Still sadly, in this imperfect world, imperfect marksmen (who? me?) sometimes (however rarely) imperfectly aim our guns -- sometimes even simultaneously combining multiple imperfections! Therefore the subject of interactions between various factors (e.g. sight height) with said imperfections of aim is potentially interesting -- even potentially useful!

After all, isn't cant itself an example of imperfect aiming in the first place?

Sorry, Steve, I didn't mean to steel your "oddity". I actually lost track of the thread and couldn't find your comment by the time I wrote mine and didn't remember you had marked it on your plot. 🙂

By the way, detecting this oddity is a test that any system that claims to account for cant must pass. The JMB system and mine passed the test.

Sorry, Steve, I didn't mean to steel your "oddity". I actually lost track of the thread and couldn't find your comment by the time I wrote mine and didn't remember you had marked it on your plot. 🙂

By the way, detecting this oddity is a test that any system that claims to account for cant must pass. The JMB system and mine passed the test.

No problem, DT 😎 . By the way, it's JBM. Not JMB or JSB.

Yes - Interesting and very useful if we take the time to understand it.

I guess we now have three types of cant. "aiming error" is when the gun is setup correctly and is held correctly, but you are simply pointed in the wrong direction.

1) Scope cant

Scope cant is dealt with 1st by insuring that the vertical reticle intersects the bore-line. This is done by having the scope correctly rotated in the rings before finally cinching it down.

2) Gun cant

This is when gravity throws you a curve. Gun cant is dealt with by installing a bubble level on the scope that indicates when the vertical crosshair is perpendicular to earth. And then insure that the bubble is level when you take the shot.
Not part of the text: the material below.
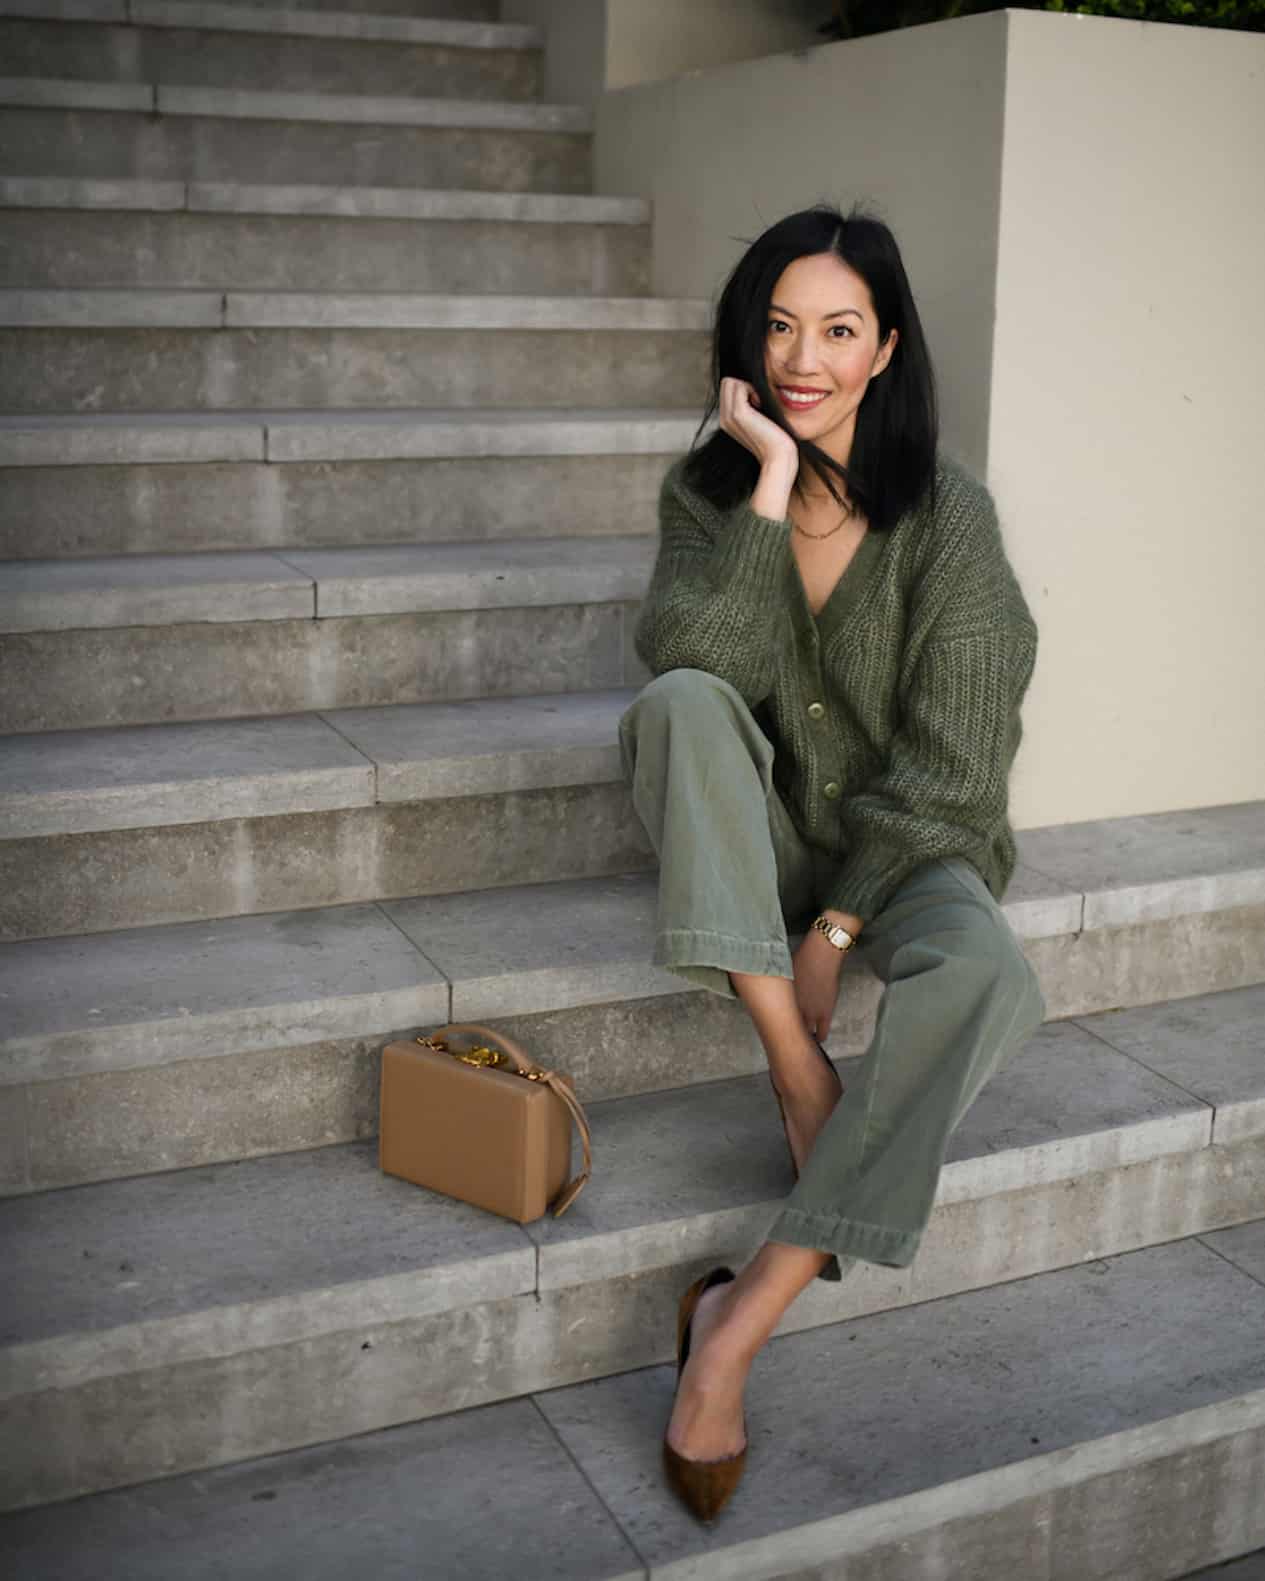 image of a woman sitting on set of stairs wearing a green cardigan, green pants, and brown suede heels

3) POA-POI cant (aiming error)

If you keep POA coincident with the intended POI, there will be no POA-POI cant. If you choose to use a non-coincident aim point, verify that the gun is level AND that the intended POI lies along the vertical reticle. If you are attempting to use target holdover with a plain bullseye or dot sight, the target orientation needs to be perfectly vertical.

Cant is a deviation from a vertical or horizontal plane or a surface. I make it a point to specify which one I'm talking about, scope cant or gun cant.

Often they are lumped together under the general term "cant". It is common to have both present, but mixing them up makes the subject confusing.